ResNet论文+复现

ResNet（Residual Network）由何恺明等人于2015年提出（论文《Deep Residual Learning for Image Recognition》），是深度学习领域里程碑式的论文。其核心思想是残差连接，解决了训练极深神经网络时遇到的退化问题。

这是ResNet论文的地址：Deep Residual Learning for Image Recognition

一、论文核心总结

1. 核心问题：退化问题

   • 传统的深度神经网络（如VGG）随着层数的增加（例如超过20层），在训练集和测试集上的性能反而会下降。
   • 这不是由过拟合引起的（因为训练误差也升高了），也不是由梯度消失/爆炸引起的（通过BN层等技术基本解决了）。
   • 这表明更深层的网络更难优化，简单地堆叠更多层并不能自动带来性能提升。

2. 核心解决方案：残差学习

   • 不再让网络层直接学习目标函数 H(x)，而是学习残差函数 F(x) = H(x) - x。
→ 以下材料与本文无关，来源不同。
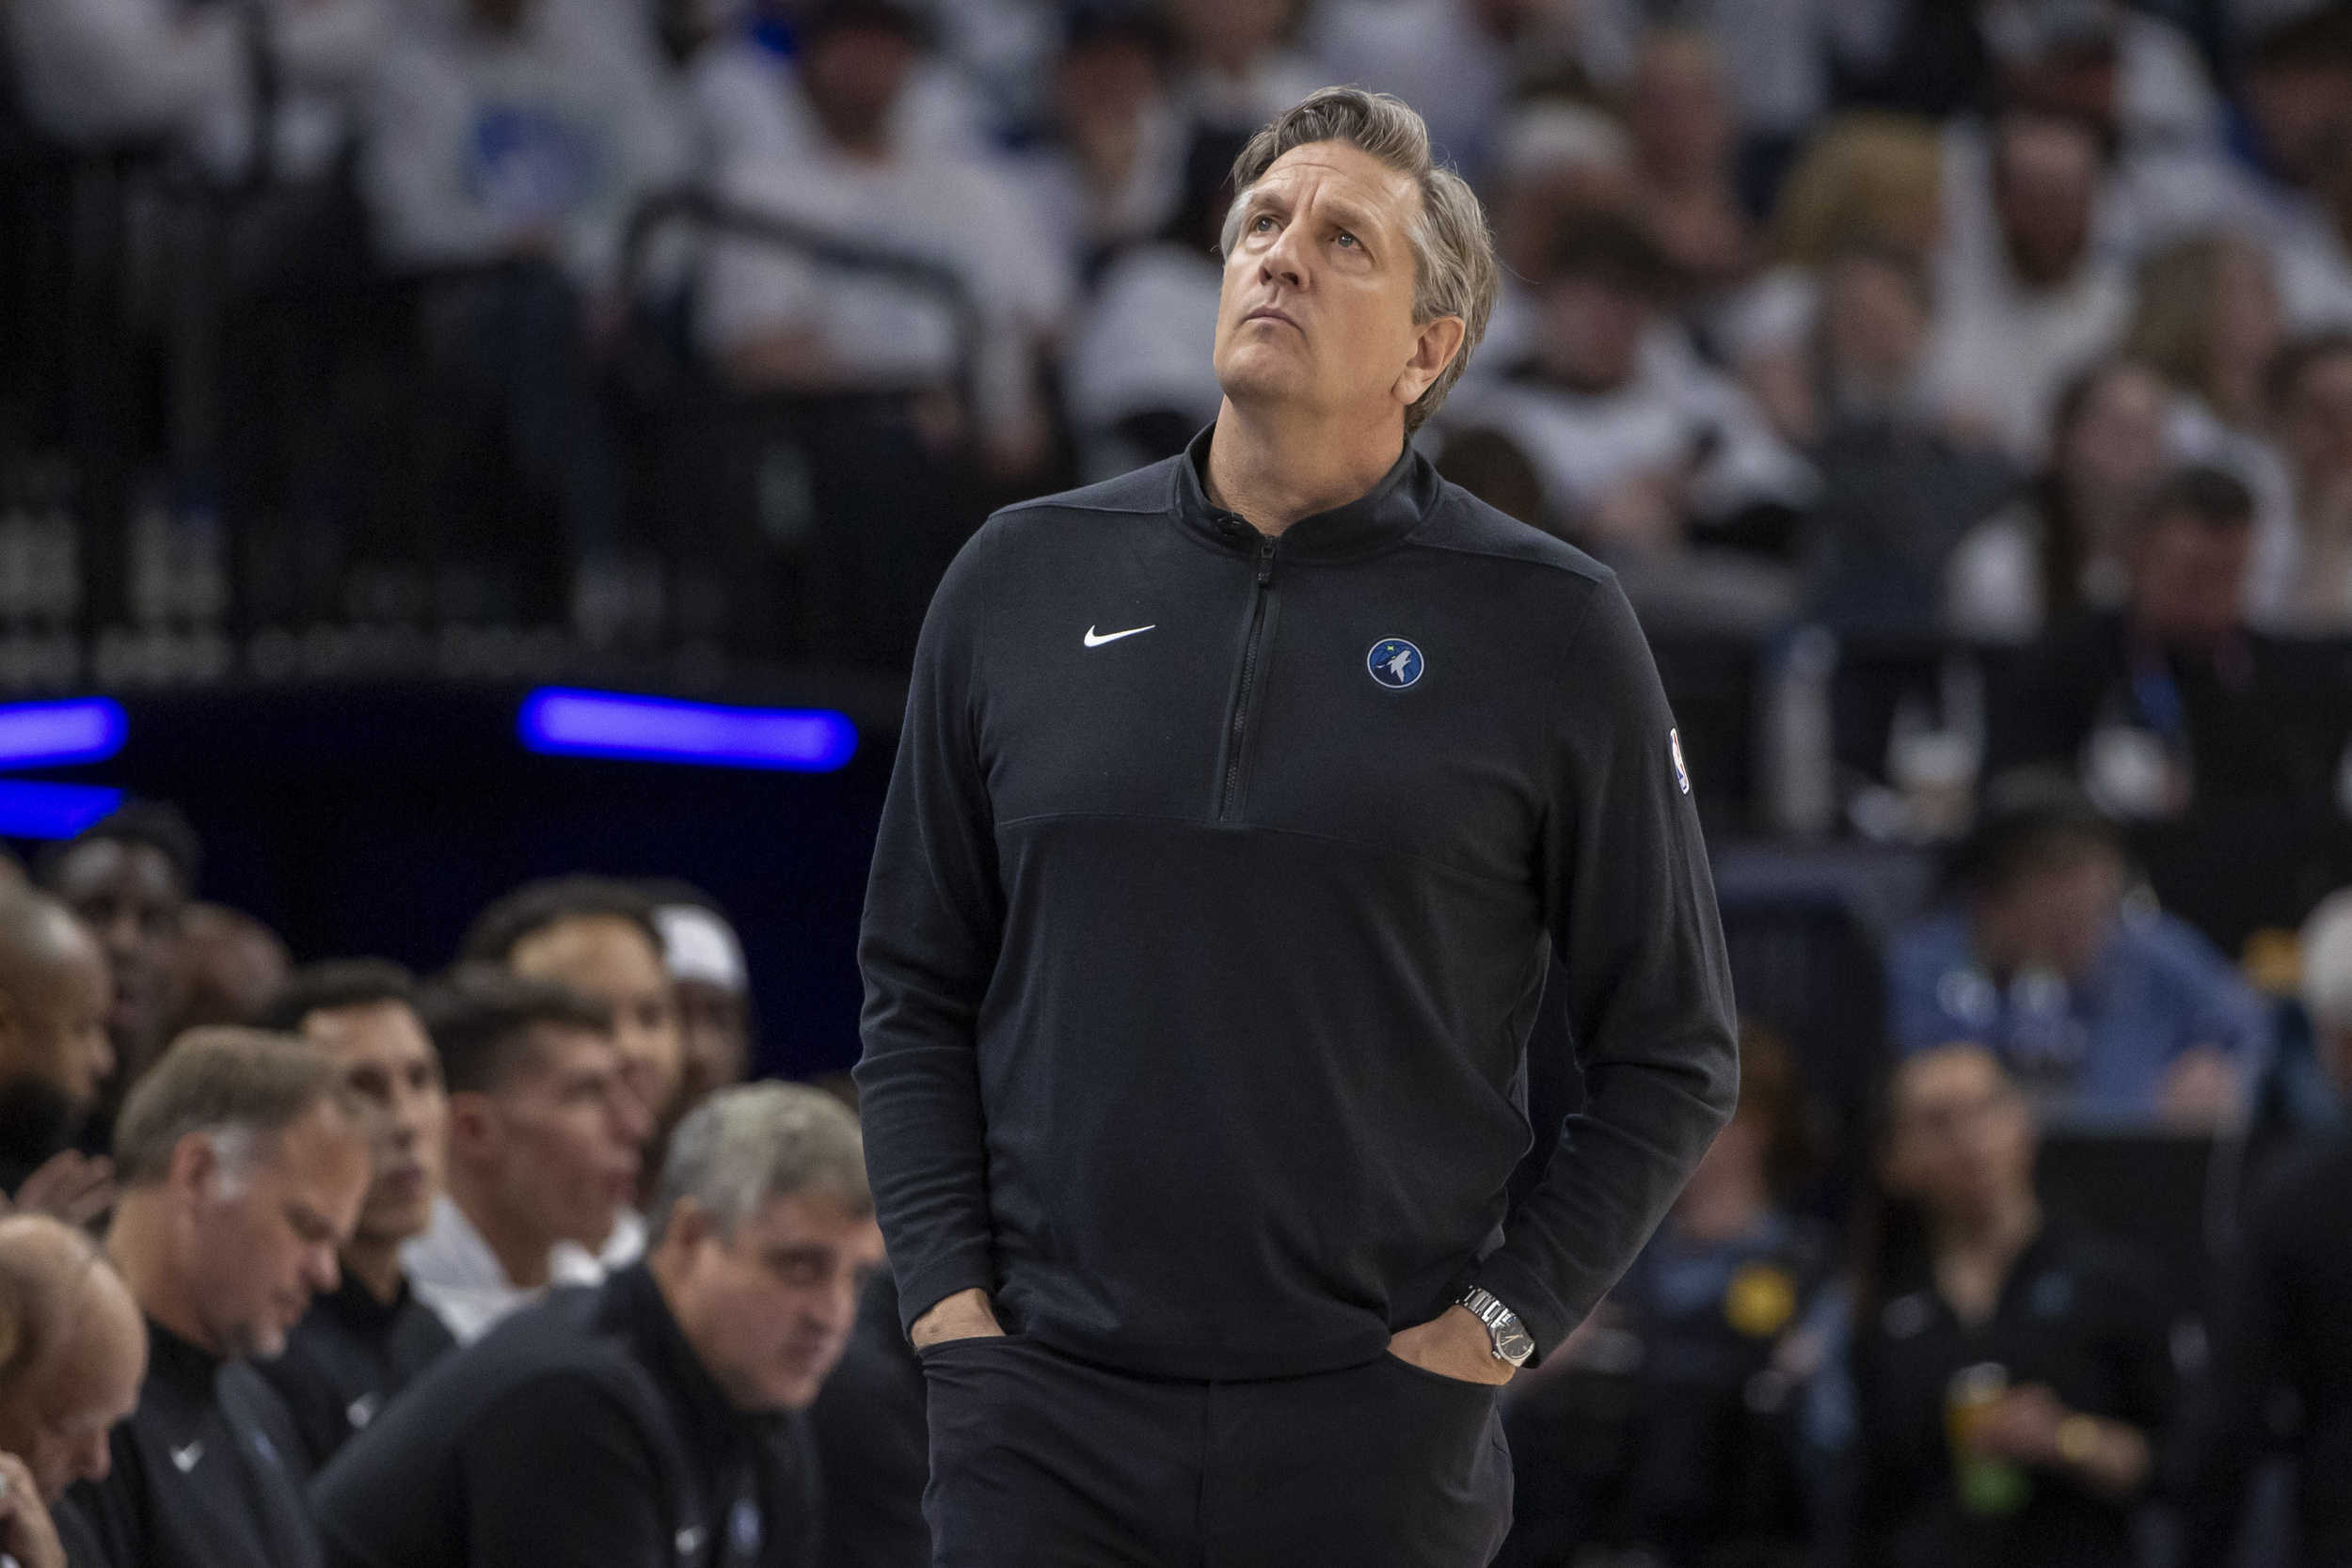 timberwolves coach chris finch to undergo surgery after sideline collision

   • 目标函数因此变为 H(x) = F(x) + x。

   • 关键结构：残差块：

     • 输入 x 直接通过一个“快捷连接”传递到输出附近。
     • 堆叠的几层非线性层学习残差映射 F(x)。
     • 块的输出是 F(x) + x。

     

     # 伪代码表示核心残差块
     def ResidualBlock(x):
         identity = x  # 保存原始输入 (快捷连接)
         out = Conv2D(x)  # 一些卷积层、BN层、激活函数等
         out = ReLU(BN(Conv2D(out)))
         out = ...       # 可能有多层
         out = out + identity  # 核心操作：残差连接 (F(x) + x)
         out = ReLU(out)       # 最后的激活函数
         return out

3. 残差学习的优势

   • 解决退化问题： 如果恒等映射 x 是最优的（即更深层什么也不做最好），学习 F(x) = 0 比学习 F(x) = x 要容易得多。残差块可以轻松地学习到恒等映射（将权重推向0即可），避免了性能下降。
   • 缓解梯度消失： 梯度可以通过快捷连接几乎无损地直接回传到更浅的层，极大地改善了反向传播的效率，使训练数百甚至上千层的网络成为可能。
   • 提高优化效率： 残差函数通常是小幅度的扰动，相对于学习完整的映射更容易优化。
   • 促进信息流动： 快捷连接提供了信息传递的高速公路。

4. 关键技术点

   • 快捷连接： 核心是恒等映射 (y = x + F(x))。当输入输出维度不匹配时（例如下采样时），论文采用：
     • 在 F(x) 路径上用步长为2的卷积进行下采样。
     • 在快捷连接上用步长为2的1x1卷积进行下采样和通道数调整（projection shortcut）。
   • 瓶颈设计： 为了降低计算复杂度，在深层网络中使用了“瓶颈”残差块（1x1 Conv 降维 -> 3x3 Conv -> 1x1 Conv 升维）。这大大减少了参数数量和计算量。
   • 后激活： 原始论文中，残差块内采用“后激活”模式（Conv -> BN -> ReLU），最后的相加操作后还有一个ReLU。

5. 主要贡献与影响

   • 彻底解决了深度网络的退化问题： 成功训练了高达152层（ImageNet）甚至1000层（CIFAR-10）的网络。
   • 显著提升性能： 在ImageNet分类、COCO目标检测等多项计算机视觉基准任务上取得了当时最优结果。ResNet-152在ImageNet top-5错误率降至3.57%，首次超越人类水平（约5%）。
   • 成为基础架构： ResNet及其变种（如ResNeXt, Wide ResNet, ResNet in ResNet, DenseNet等）成为计算机视觉乃至其他深度学习领域最广泛使用和构建的基础网络架构之一。
   • 启发性强： “残差学习”的思想被广泛应用到各种网络结构（如Transformer中的残差连接）和任务中。

一句话总结核心：
ResNet 通过引入残差块（输出 = F(x) + x），利用快捷连接让网络层专注于学习输入与期望输出之间的残差F(x)，而非完整的映射，有效解决了极深神经网络的退化问题，使训练成百上千层的网络成为可能，并大幅提升了模型性能。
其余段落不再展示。